What bottles do you use?? my saviour with theo are the dr browns bottles.... quite honestly i would give  him the biggest kiss if i ever met him...    i have tried many bottles for theo in my husbands request to make him 'simpler' but have always gone back to them!! 

what are the twins symptoms?? when are they at their worst??

do you think it is actually their reflux worsening?? do they feed well?? do they lay flat? vomit? 

if so it may be worth a trip back to your gp to see if they will prescribe an antacid lik ranitadine or refer you to a paediatrician....

get back to me hun and i will try to help further

luv v xxx


----------



## Oranges (May 12, 2008)

Hi Verity, thanks so much for your reply.  Things are quite awful around here because of this awful colic.  Last nite they both had a clear saliva like stuff coming out of their mouths - it was coming out in bubbles - if you know what I mean and there was quite a lot of it - it made their sheets wet.  What do you think that is?  I haven't seen it like that before.  It's usually white. 

We're using NUK bottles and teats, as that's the ones the hospital recommended.  We tried others but babies didn't like them much.  I haven't tried the Dr Brown ones with them tho - but I will do.

The twins symptoms are that they take they're feed really well, I wind them, and then practically immediately after this they start to cry, arch their back, kick their legs and just generally look awfully uncomfortable - that can be both when we are holding them and when they are lying down.  Usually they stop crying a little while after they have been held and cuddled, but start again immediately they are put down in their cribs.  Things are really difficult just now and feeds have turned into a totally unenjoyable experience.  One of them is usually does vomit some milk back up again just afterwards, and if they are lying flat the reflux slides down the sides of their face and sometimes into their ear if it's not caught in time.  They'be both got very gurgly windy tummmies.

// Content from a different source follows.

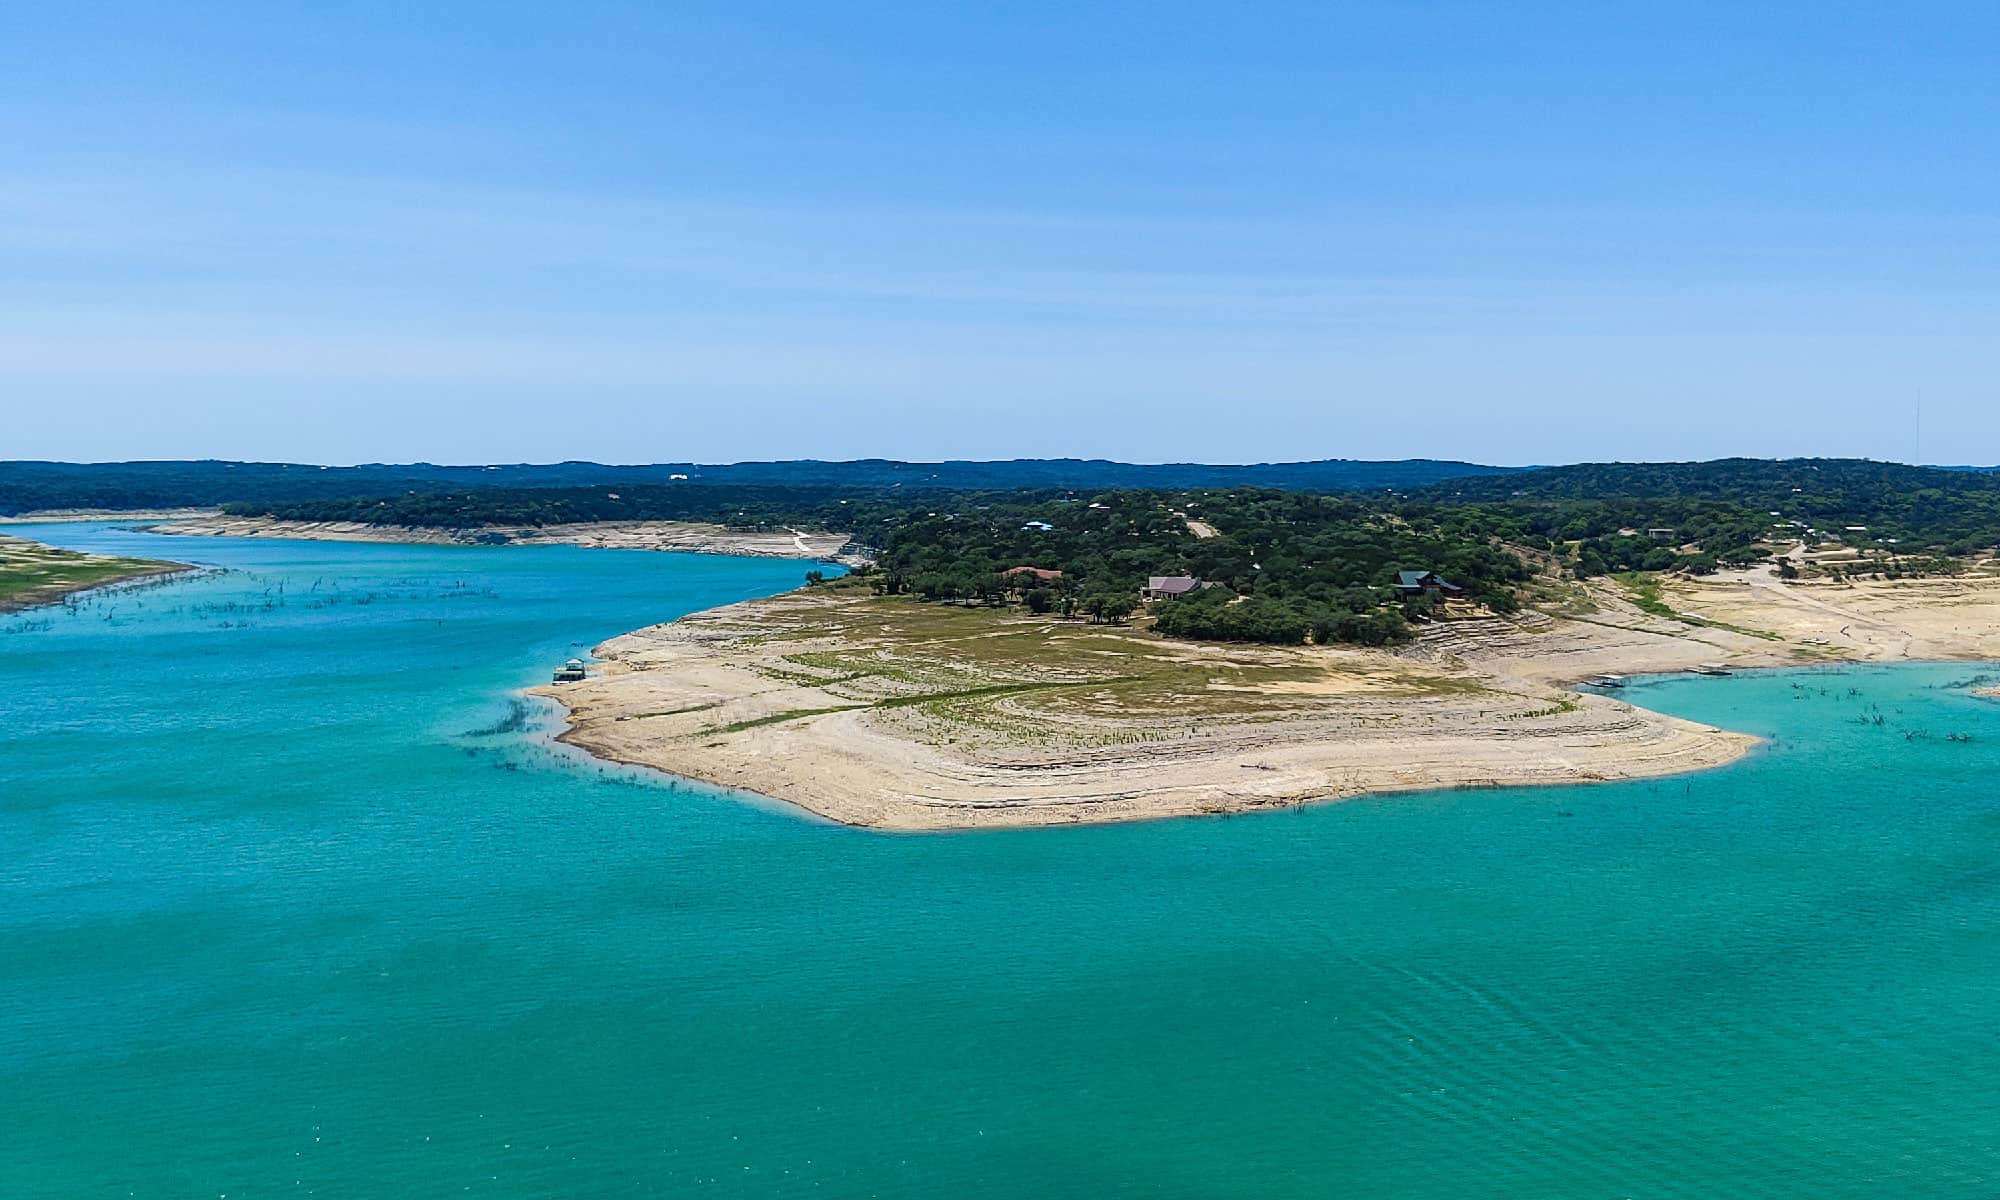 7 Places In Texas With The Most Amazing Clear Blue Water - Narcity

They're premi babies and are due their paediatric appointment very soon - so i'll mention it to them then.

Would really appreciate your thoughts on this tho.

Thanks,

Oranges x


----------



## Oranges (May 12, 2008)

Hi me again! oops forgot to say, it's much worse in the evening than during the day, and it's both their arms and legs that are moving.  we try to keep them sitting up a bit as much as possible after a feed too, although that's more difficult if they have a feed during the night but they are starting to miss that one out now.
Thanks,
Oranges x


----------



## verity c (Oct 23, 2006)

Hi hun,

To me it sounds as though their reflux is worsening....... the clear fluid you describe sounds like stomach acids coming back especially as it is worse when lying flat...

there is a thread on the health board which is a reflux support thread where myself and lots of other ladies with reflux post and support one another... come and join us... will find you the link.

i think they may need and antacid to help neutralise the acids to stop them from being in pain. The back arching and not liking being falt is a typical sign of reflux... 

i would also try the dr browns bottles but use the nuk teats they are used to so you dont confuse them too much. 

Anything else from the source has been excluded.